Who’s bailing out whom? A story on the Journal’s front page says some European countries, including Italy, Portugal and Spain, are leaning on their banks to either lend to, or float the bonds of national and local governments, which you might think is the last thing these banks need to be doing. “While investors and regulators want the banks to sell off their holdings of European sovereign debt, local politicians are twisting arms to make sure they don't.”

“Seven large financial firms, including Bank of America and Morgan Stanley, are in talks aimed at reaching a truce with bond insurer MBIA that could end a legal battle over billions of dollars in losses.” Benjamin Lawsky, head of New York’s new banking and insurance regulator, is spurring the talks, the Journal says.

An article looks at the challenges banks face getting consumers and merchants to adopt mobile payments.
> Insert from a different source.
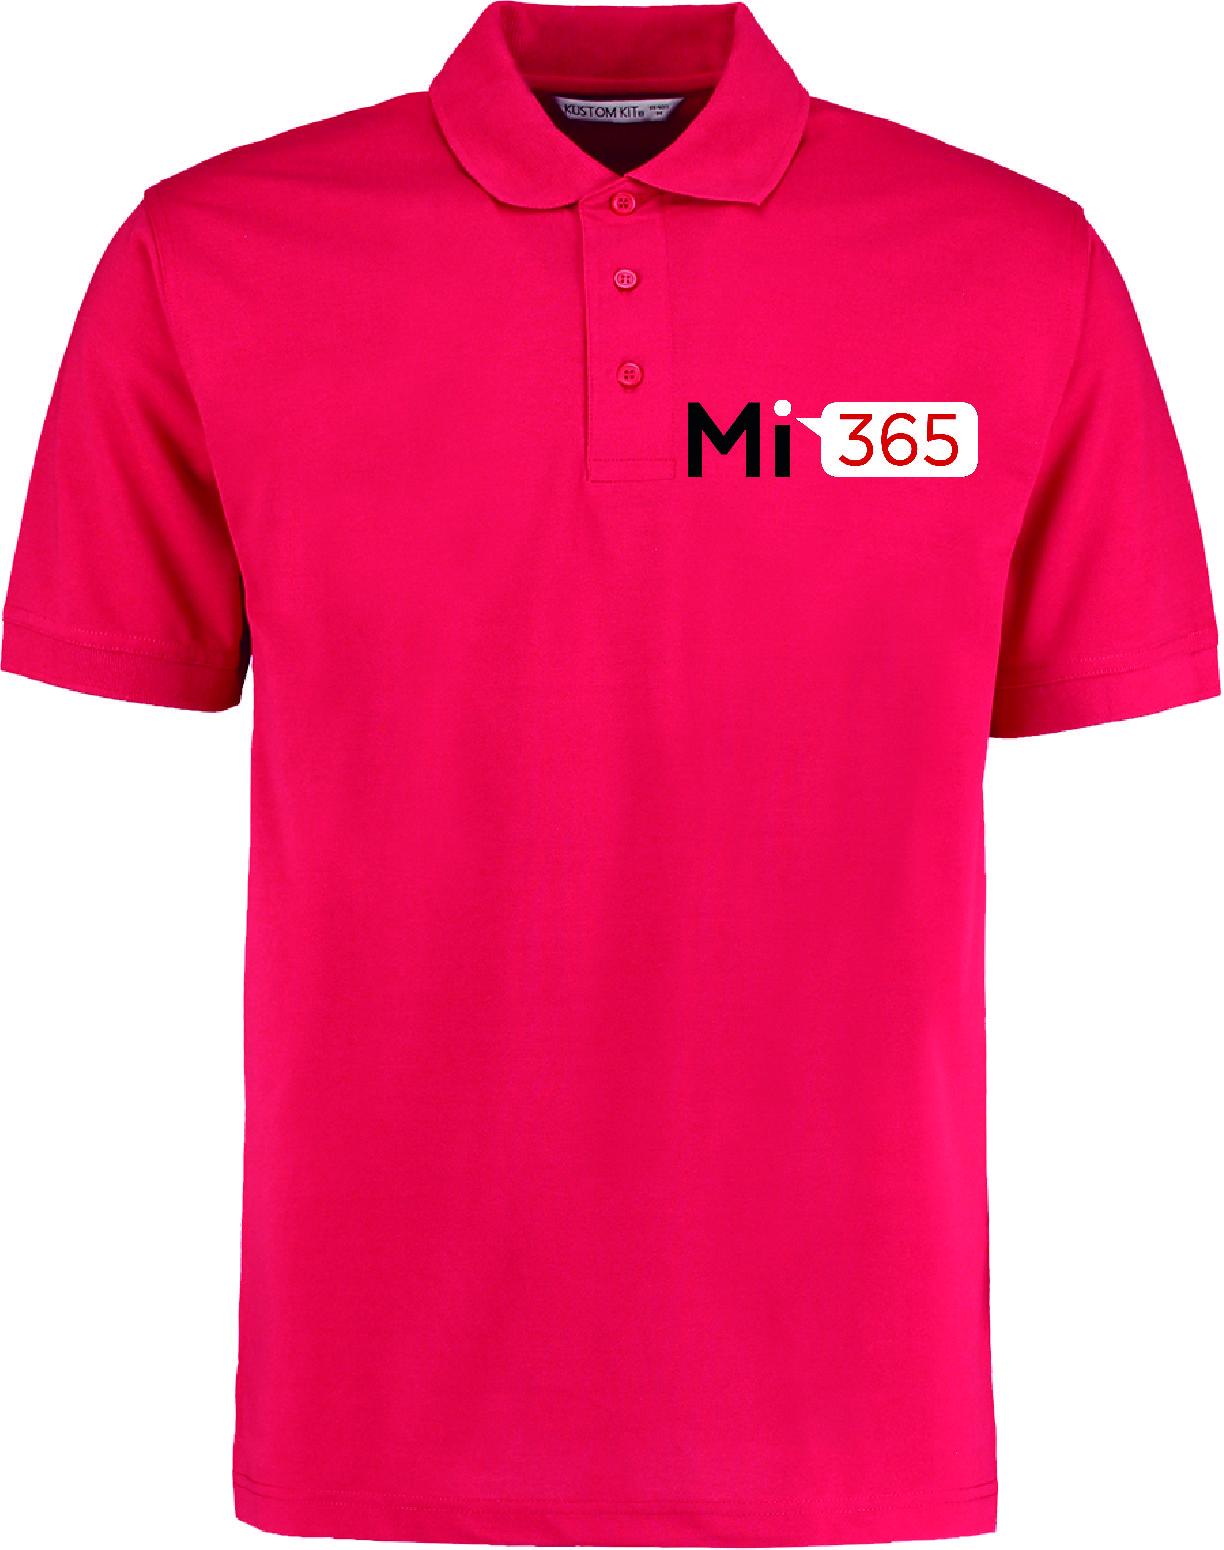 Mi365 - Polo Shirt

Despite the hype over contactless cards a few years ago, that payment method never quite took off, the story notes; “banks didn't explain or promote the new technology to customers, who didn't know that the card was different. Merchants stuck the new industry-funded card readers on counters, but didn't encourage people to use them.” Hence, there’s skepticism about the prospects for the NFC-chip smartphones and digital wallets that companies are promoting today.

Financial Times

“Ten leading US lenders may have unlawfully foreclosed on the mortgages of nearly 5,000 active-duty members of the US military in recent years,” the FT reports, citing data released by the OCC last week. The 10 lenders reviewing foreclosure actions include Bank of America but not JPMorgan, even though both banks have reached legal settlements over the issue this year.

“The US regulator overseeing Fannie Mae and Freddie Mac has displayed ‘ undue deference’ to the mortgage groups’ decision-making,” according to an audit due out today from the Federal Housing Finance Agency’s inspector general.

New York Times

"The antibank fervor of the Occupy Wall Street movement has entered college campuses, complicating the on-campus recruiting process for applicants and recruiters," according to a "DealBook" story. Yale professor Robert Shiller is quoted making the inevitable analogy: "I teach financial markets, and it's a little like teaching R.O.T.C. during the Vietnam War."